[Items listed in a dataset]

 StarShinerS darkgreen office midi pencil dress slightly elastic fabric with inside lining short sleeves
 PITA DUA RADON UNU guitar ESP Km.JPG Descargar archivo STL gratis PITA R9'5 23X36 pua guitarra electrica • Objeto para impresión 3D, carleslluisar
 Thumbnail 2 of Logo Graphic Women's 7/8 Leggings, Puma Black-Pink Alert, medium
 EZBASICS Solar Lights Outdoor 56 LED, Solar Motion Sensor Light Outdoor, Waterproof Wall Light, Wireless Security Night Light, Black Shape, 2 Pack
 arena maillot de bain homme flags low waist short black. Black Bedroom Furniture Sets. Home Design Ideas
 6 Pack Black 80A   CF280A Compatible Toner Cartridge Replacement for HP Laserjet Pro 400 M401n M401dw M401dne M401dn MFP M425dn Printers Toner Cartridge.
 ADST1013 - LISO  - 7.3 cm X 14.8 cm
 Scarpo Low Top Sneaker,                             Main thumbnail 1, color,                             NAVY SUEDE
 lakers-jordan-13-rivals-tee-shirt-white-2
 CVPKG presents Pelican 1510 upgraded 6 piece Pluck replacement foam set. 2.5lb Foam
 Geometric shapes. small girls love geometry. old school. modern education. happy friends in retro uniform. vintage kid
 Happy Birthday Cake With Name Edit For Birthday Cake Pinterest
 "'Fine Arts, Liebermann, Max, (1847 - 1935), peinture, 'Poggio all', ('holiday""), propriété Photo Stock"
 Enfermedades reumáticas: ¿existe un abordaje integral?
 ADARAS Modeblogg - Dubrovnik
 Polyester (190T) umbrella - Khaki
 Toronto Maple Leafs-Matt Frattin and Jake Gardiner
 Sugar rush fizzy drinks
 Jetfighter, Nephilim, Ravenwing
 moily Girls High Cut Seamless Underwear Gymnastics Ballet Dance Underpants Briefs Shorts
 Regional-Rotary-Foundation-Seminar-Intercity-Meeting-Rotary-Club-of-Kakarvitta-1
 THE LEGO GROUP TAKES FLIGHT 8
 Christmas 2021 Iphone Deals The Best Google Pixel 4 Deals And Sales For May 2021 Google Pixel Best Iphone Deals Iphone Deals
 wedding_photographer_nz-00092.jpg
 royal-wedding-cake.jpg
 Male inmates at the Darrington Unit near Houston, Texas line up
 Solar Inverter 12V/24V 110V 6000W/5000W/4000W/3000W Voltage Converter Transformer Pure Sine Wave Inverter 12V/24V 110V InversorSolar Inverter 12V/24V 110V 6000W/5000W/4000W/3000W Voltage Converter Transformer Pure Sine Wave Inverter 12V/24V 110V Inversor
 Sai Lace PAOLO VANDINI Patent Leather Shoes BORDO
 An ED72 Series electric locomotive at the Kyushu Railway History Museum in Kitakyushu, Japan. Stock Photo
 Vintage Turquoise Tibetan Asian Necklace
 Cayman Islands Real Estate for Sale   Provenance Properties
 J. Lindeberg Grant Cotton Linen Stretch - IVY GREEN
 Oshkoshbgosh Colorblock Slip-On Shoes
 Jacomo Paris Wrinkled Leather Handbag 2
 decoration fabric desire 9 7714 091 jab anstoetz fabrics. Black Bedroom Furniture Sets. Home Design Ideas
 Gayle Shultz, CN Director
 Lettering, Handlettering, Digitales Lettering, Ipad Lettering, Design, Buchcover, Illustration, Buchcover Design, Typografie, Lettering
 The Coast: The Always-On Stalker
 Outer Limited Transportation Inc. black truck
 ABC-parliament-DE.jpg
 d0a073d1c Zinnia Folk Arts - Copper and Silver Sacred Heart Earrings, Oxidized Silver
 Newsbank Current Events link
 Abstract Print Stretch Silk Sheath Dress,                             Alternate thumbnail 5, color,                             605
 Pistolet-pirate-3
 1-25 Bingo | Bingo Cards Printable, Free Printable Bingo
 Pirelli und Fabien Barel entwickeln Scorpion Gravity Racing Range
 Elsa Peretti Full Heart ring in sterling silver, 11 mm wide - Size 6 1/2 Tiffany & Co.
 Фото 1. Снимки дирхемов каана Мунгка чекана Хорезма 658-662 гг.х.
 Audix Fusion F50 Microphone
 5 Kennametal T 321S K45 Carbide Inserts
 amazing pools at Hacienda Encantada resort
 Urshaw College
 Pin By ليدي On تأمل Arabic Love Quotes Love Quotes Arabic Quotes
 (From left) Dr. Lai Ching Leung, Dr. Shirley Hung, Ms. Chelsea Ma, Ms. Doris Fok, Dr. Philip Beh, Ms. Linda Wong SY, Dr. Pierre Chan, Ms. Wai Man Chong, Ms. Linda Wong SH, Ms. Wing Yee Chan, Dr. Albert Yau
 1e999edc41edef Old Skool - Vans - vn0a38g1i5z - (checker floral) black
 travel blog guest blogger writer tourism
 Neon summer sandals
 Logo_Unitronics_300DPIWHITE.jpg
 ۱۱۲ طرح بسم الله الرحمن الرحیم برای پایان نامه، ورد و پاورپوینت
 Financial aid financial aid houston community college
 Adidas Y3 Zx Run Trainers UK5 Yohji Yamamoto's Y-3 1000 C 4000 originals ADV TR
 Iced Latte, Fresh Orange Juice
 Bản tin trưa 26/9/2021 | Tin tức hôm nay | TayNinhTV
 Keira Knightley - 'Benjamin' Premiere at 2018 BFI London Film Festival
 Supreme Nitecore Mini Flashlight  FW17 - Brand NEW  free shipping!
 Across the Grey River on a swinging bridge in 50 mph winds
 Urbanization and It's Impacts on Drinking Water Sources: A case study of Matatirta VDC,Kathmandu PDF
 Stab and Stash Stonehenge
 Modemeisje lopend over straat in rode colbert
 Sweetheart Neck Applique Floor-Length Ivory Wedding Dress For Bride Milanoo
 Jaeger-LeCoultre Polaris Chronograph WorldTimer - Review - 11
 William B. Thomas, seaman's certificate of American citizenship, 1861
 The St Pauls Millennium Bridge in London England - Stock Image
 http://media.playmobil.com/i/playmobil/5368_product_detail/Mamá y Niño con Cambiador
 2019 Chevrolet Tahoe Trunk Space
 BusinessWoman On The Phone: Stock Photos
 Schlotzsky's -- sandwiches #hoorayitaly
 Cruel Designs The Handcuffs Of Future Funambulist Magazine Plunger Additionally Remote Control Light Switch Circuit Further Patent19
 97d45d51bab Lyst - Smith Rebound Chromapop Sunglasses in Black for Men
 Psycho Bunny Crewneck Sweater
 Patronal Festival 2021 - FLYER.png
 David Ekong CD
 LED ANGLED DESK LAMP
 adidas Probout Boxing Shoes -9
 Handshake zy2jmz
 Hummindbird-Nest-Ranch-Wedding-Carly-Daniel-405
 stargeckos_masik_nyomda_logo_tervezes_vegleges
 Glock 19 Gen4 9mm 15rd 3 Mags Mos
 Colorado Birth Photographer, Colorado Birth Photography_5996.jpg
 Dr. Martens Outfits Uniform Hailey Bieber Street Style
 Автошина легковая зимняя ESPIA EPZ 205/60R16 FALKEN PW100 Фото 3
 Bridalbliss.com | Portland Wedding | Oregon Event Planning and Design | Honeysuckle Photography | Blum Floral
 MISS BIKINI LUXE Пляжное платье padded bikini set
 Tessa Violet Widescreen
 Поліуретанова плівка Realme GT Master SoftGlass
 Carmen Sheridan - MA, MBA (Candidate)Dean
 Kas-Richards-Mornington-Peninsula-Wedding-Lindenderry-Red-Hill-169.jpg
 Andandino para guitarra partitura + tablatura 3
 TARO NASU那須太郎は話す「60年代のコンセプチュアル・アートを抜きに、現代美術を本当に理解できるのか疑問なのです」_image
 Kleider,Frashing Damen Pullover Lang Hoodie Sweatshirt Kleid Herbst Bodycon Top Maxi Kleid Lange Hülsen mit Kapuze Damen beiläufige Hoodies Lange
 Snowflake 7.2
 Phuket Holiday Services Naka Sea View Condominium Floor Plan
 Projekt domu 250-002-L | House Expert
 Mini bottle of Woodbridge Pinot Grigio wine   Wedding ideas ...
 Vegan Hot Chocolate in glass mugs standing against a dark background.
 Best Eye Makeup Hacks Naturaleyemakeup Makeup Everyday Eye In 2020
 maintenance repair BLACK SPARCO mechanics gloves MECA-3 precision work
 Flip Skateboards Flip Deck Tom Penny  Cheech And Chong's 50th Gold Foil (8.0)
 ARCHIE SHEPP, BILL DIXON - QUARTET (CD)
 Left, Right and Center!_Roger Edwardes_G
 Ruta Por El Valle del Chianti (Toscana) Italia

● **What needs to be done**:
Copy only this part of the entries above: the line with "LED ANGLED DESK LAMP", the line with "Dr. Martens Outfits", and the lines between, all exactly as written.

● **Your solution**:
 LED ANGLED DESK LAMP
 adidas Probout Boxing Shoes -9
 Handshake zy2jmz
 Hummindbird-Nest-Ranch-Wedding-Carly-Daniel-405
 stargeckos_masik_nyomda_logo_tervezes_vegleges
 Glock 19 Gen4 9mm 15rd 3 Mags Mos
 Colorado Birth Photographer, Colorado Birth Photography_5996.jpg
 Dr. Martens Outfits Uniform Hailey Bieber Street Style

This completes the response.